- Input data -
--------------------------------------------------

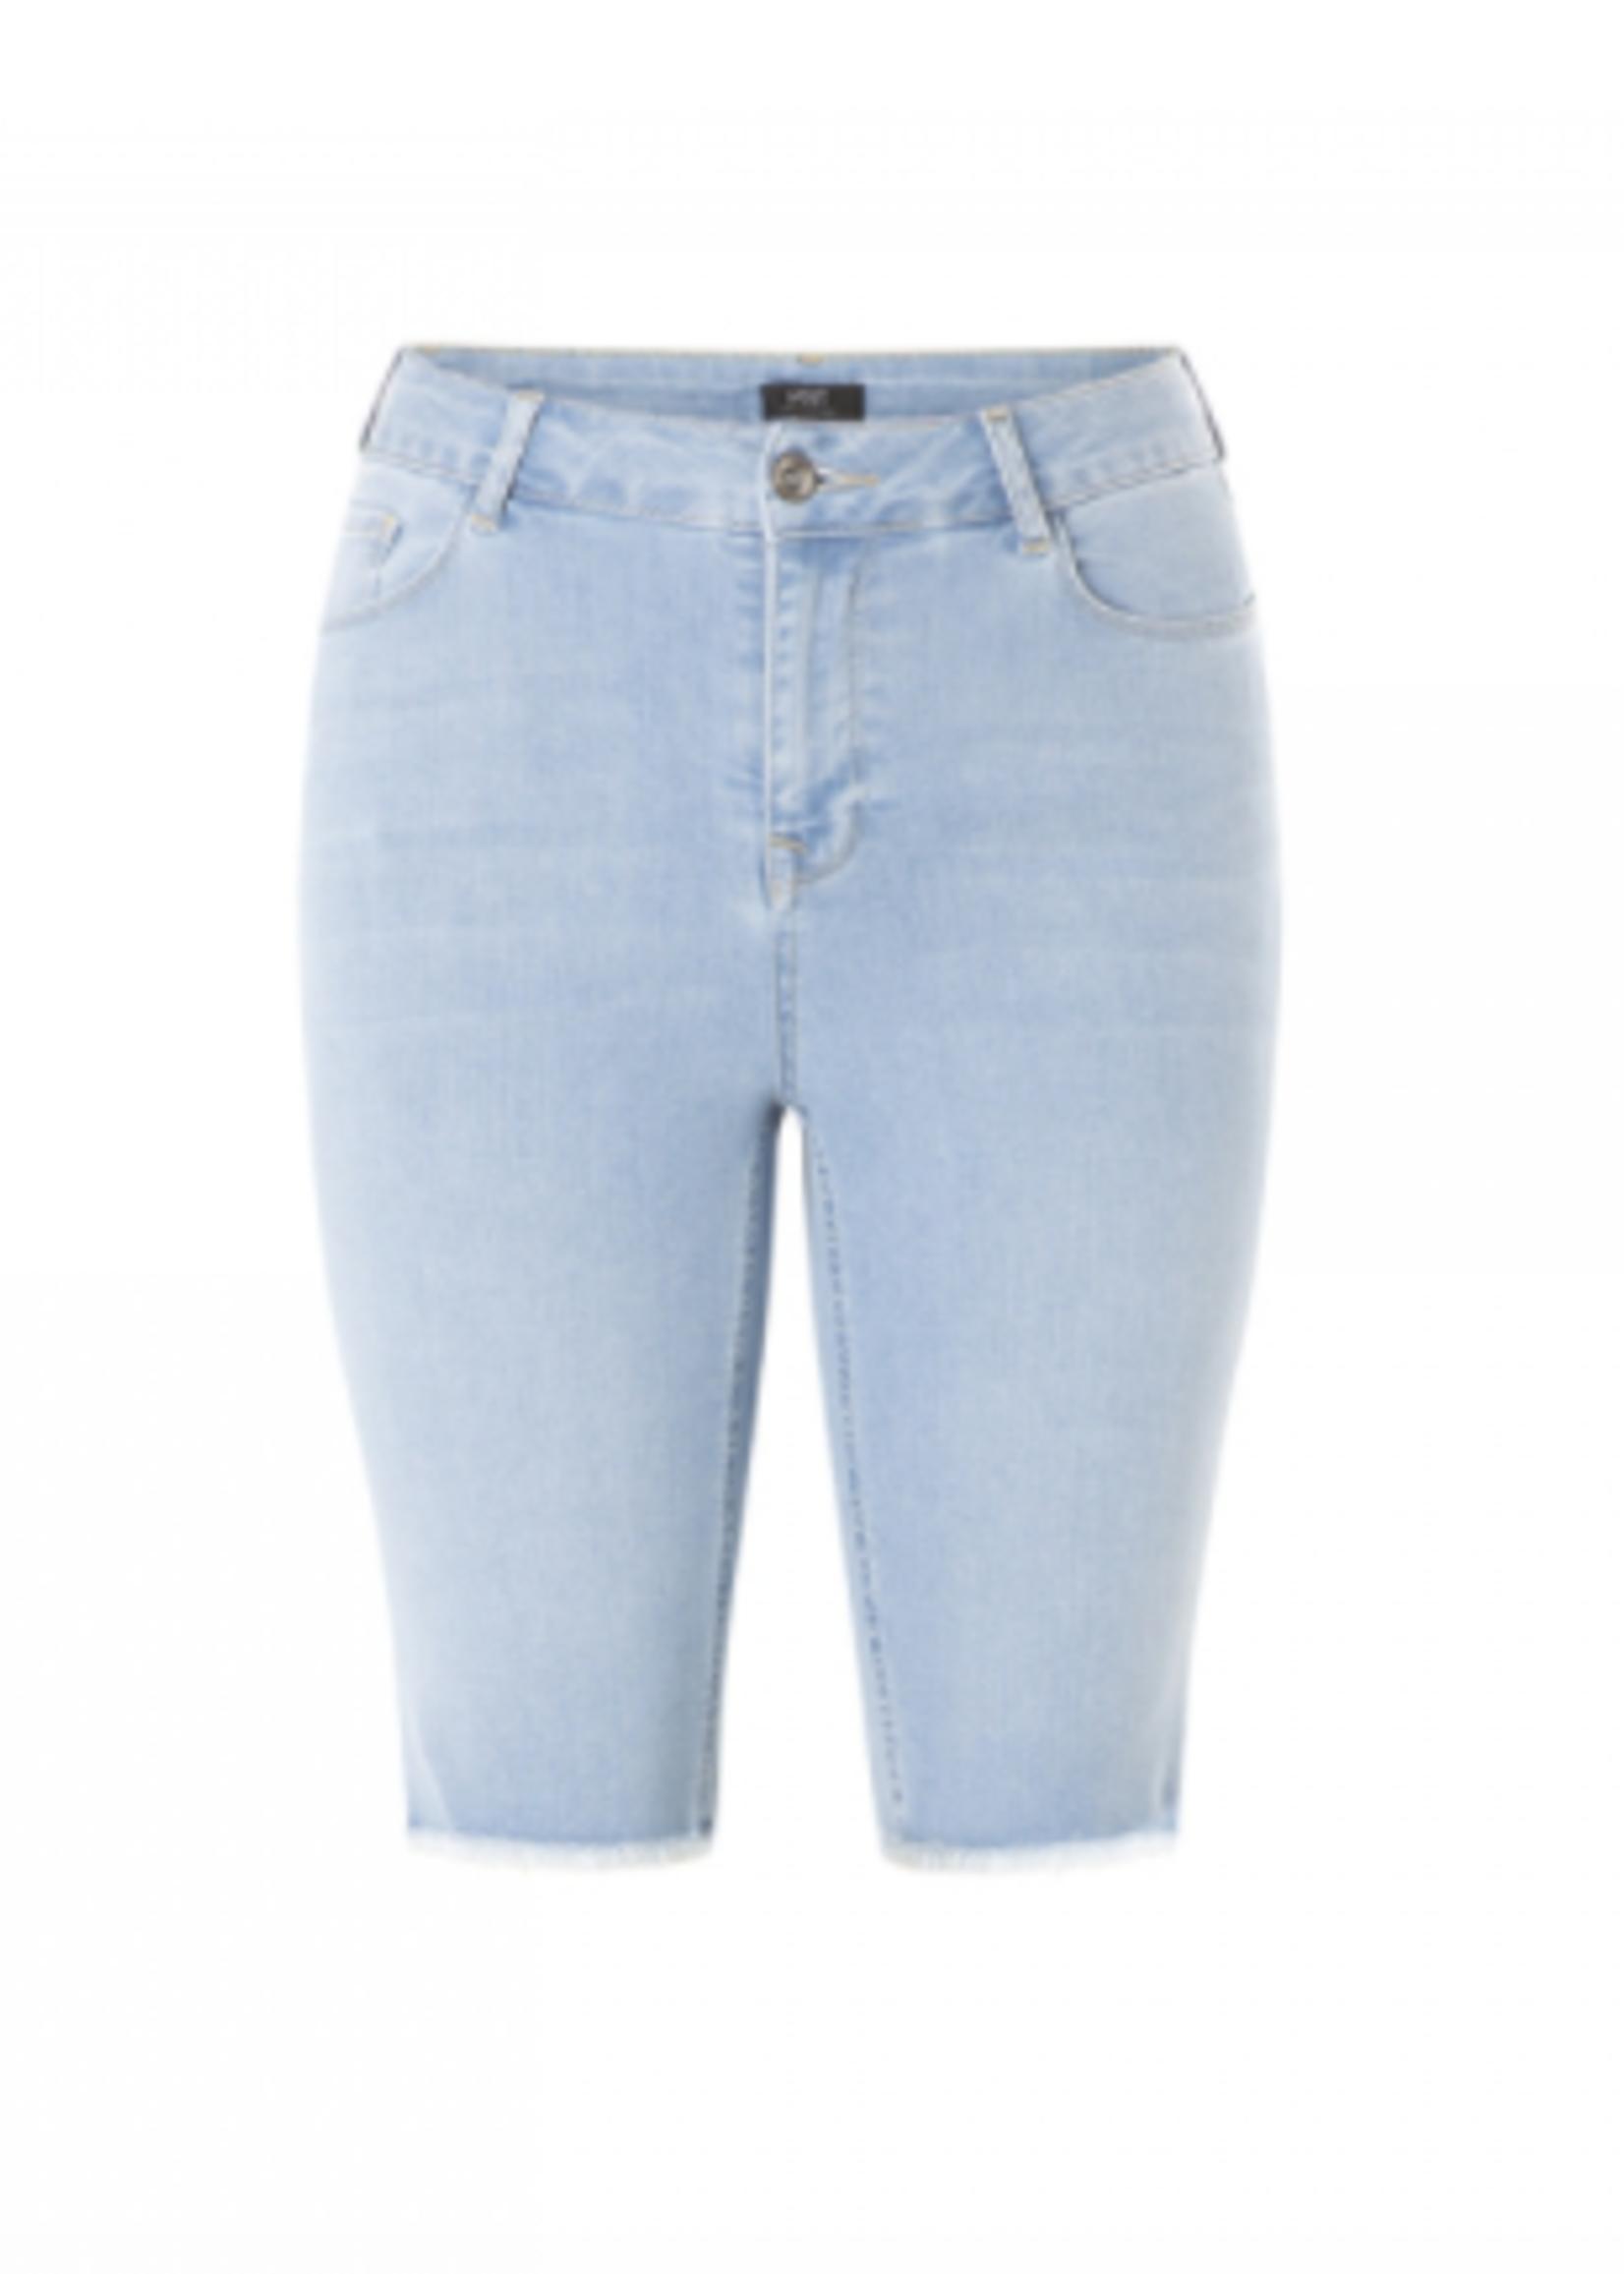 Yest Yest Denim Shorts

--------------------------------------------------

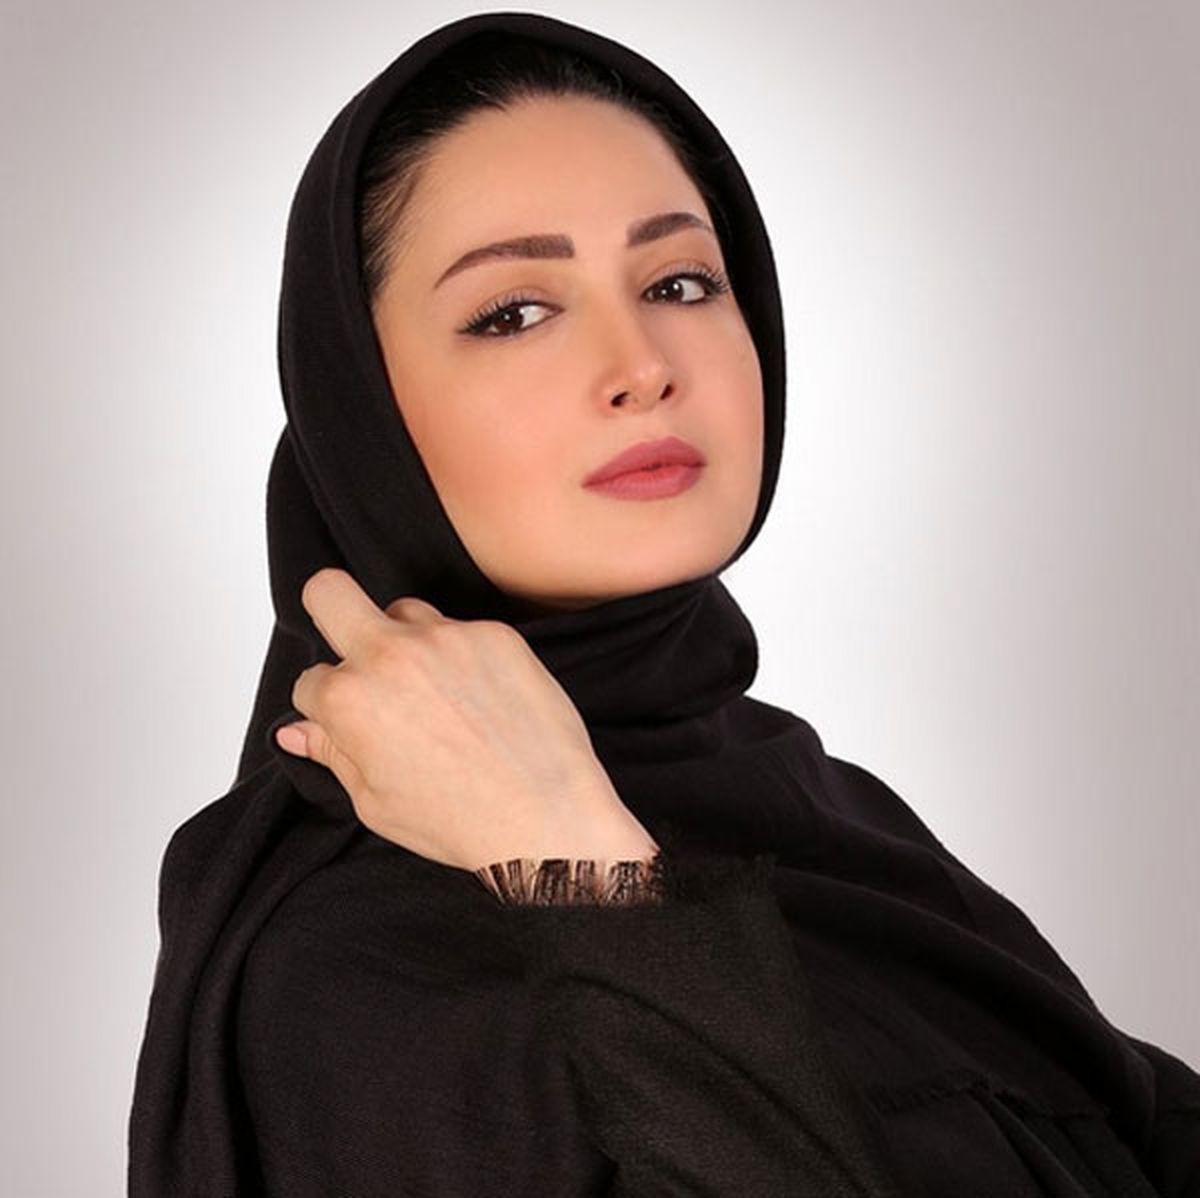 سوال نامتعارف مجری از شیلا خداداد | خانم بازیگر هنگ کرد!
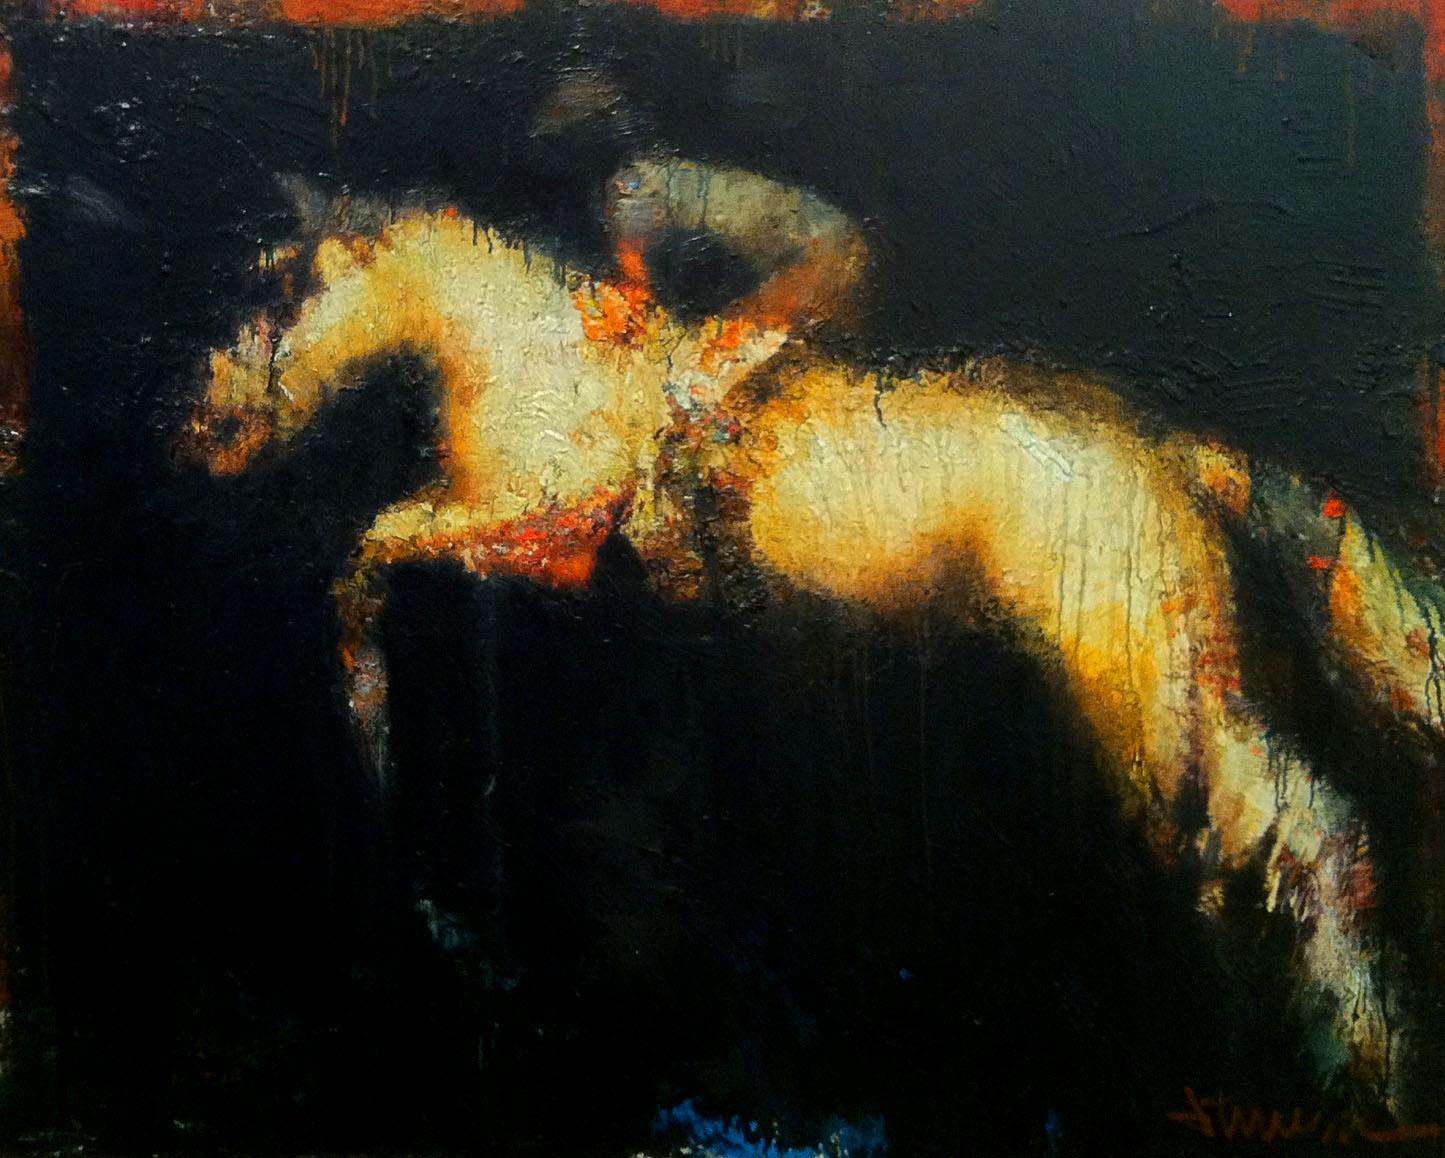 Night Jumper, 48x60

--------------------------------------------------

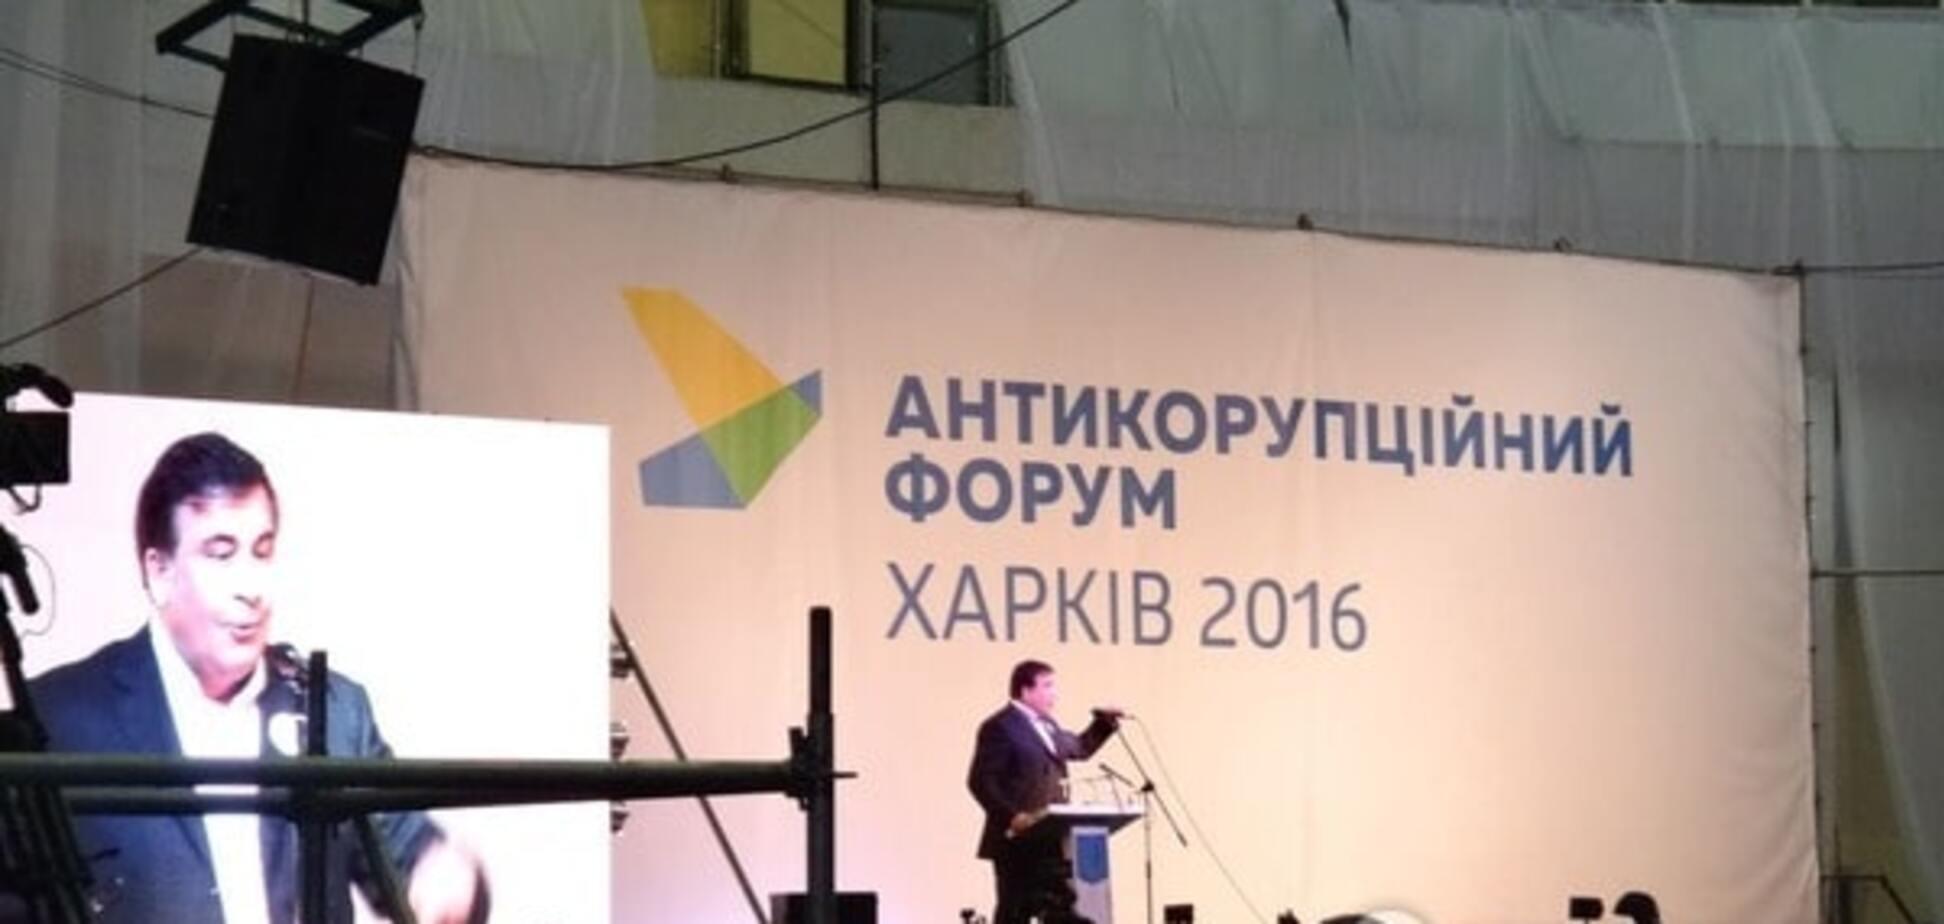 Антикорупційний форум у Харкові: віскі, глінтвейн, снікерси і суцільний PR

--------------------------------------------------

- What to work on -
The stretch above running from the line with "سوال نامتعارف مجری" through the line with "Night Jumper, 48x60" is all you should copy, exactly, leaving out the pictures.

- Your solution -
 سوال نامتعارف مجری از شیلا خداداد | خانم بازیگر هنگ کرد!
 Night Jumper, 48x60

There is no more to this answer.